DomainSchema.merge_mode controls which merge path the core engine takes:

"three_way" — classic three-way merge (Phases 1–3)
"crdt" — convergent CRDT join (Phase 4)

Phase 3 — Operation-Level Merge Engine

Plugins that implement StructuredMergePlugin gain sub-file auto-merge:

@runtime_checkable
class StructuredMergePlugin(MuseDomainPlugin, Protocol):
    def merge_ops(
        self,
        base: StateSnapshot,
        ours_snap: StateSnapshot,
        theirs_snap: StateSnapshot,
        ours_ops: list[DomainOp],
        theirs_ops: list[DomainOp],
        *,
        repo_root: pathlib.Path | None = None,
    ) -> MergeResult: ...

The core merge engine detects this with isinstance(plugin, StructuredMergePlugin) and calls merge_ops() when both branches have StructuredDelta. Non-supporting plugins fall back to file-level merge() automatically.

Operational Transformation (`muse/core/op_transform.py`)

Function	Purpose
`ops_commute(a, b)`	Returns `True` when two ops can be applied in either order
`transform(a, b)`	Adjusts positions so the diamond property holds
`merge_op_lists(base, ours, theirs)`	Three-way OT merge; returns `MergeOpsResult`
`merge_structured(base_delta, ours_delta, theirs_delta)`	Wrapper for `StructuredDelta` inputs

Commutativity rules (all 25 op-pair combinations covered):

Different addresses → always commute
InsertOp + InsertOp at same position → conflict
DeleteOp + DeleteOp same content_id → idempotent (not a conflict)
PatchOp + PatchOp → recursive check on child ops
Cross-type pairs → generally commute (structural independence)

Phase 4 — CRDT Semantics

Plugins that implement CRDTPlugin replace three-way merge with a mathematical join on a lattice. join always succeeds — no conflict state ever exists.

@runtime_checkable
class CRDTPlugin(MuseDomainPlugin, Protocol):
    def crdt_schema(self) -> list[CRDTDimensionSpec]: ...
    def join(self, a: CRDTSnapshotManifest, b: CRDTSnapshotManifest) -> CRDTSnapshotManifest: ...
    def to_crdt_state(self, snapshot: StateSnapshot) -> CRDTSnapshotManifest: ...
    def from_crdt_state(self, crdt: CRDTSnapshotManifest) -> StateSnapshot: ...

Entry point: crdt_join_snapshots() in merge_engine.py.

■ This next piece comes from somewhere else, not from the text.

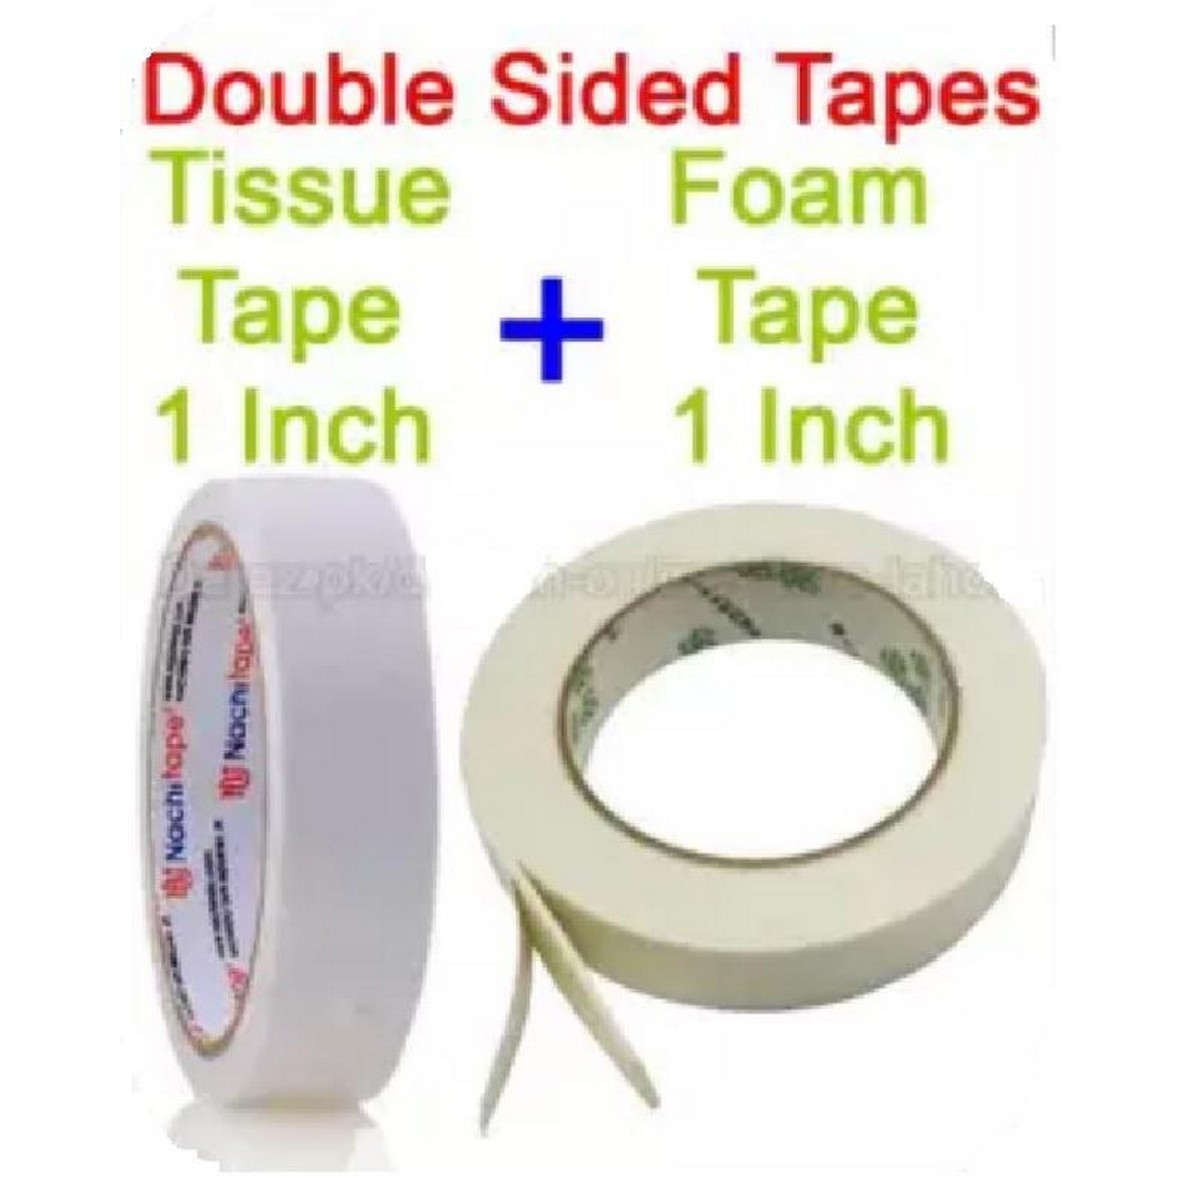 Pack Of 2 Double Sided Tissue And Double Sided Foam Tape Buy Online At Best Prices In Pakistan Daraz Pk

CRDT Primitive Library (`muse/core/crdts/`)

Primitive	File	Best for
`VectorClock`	`vclock.py`	Causal ordering between agents
`LWWRegister`	`lww_register.py`	Scalar values; last write wins
`ORSet`	`or_set.py`	Unordered sets; adds always win
`RGA`	`rga.py`	Ordered sequences (collaborative editing)
`AWMap`	`aw_map.py`	Key-value maps; adds win
`GCounter`	`g_counter.py`	Monotonically increasing counters

All six satisfy: commutativity, associativity, idempotency — the three lattice laws that guarantee convergence regardless of message delivery order.

When to use CRDT mode

Scenario	Recommendation
Human-paced commits (once per hour/day)	Three-way merge (Phases 1–3)
Many agents writing concurrently (sub-second)	CRDT mode
Shared annotation sets (many simultaneous contributors)	CRDT `ORSet`
Collaborative score editing (DAW-style)	CRDT `RGA`
Per-dimension mix	Set `merge_mode="crdt"` per `CRDTDimensionSpec`

The Full Plugin Protocol Stack

MuseDomainPlugin          ← required by every domain plugin
  ├── schema()            ← Phase 2: declare data structure
  ├── snapshot()          ← capture current live state
  ├── diff()              ← compute typed StructuredDelta
  ├── drift()             ← detect uncommitted changes
  ├── apply()             ← apply delta to working tree
  └── merge()             ← three-way merge (fallback)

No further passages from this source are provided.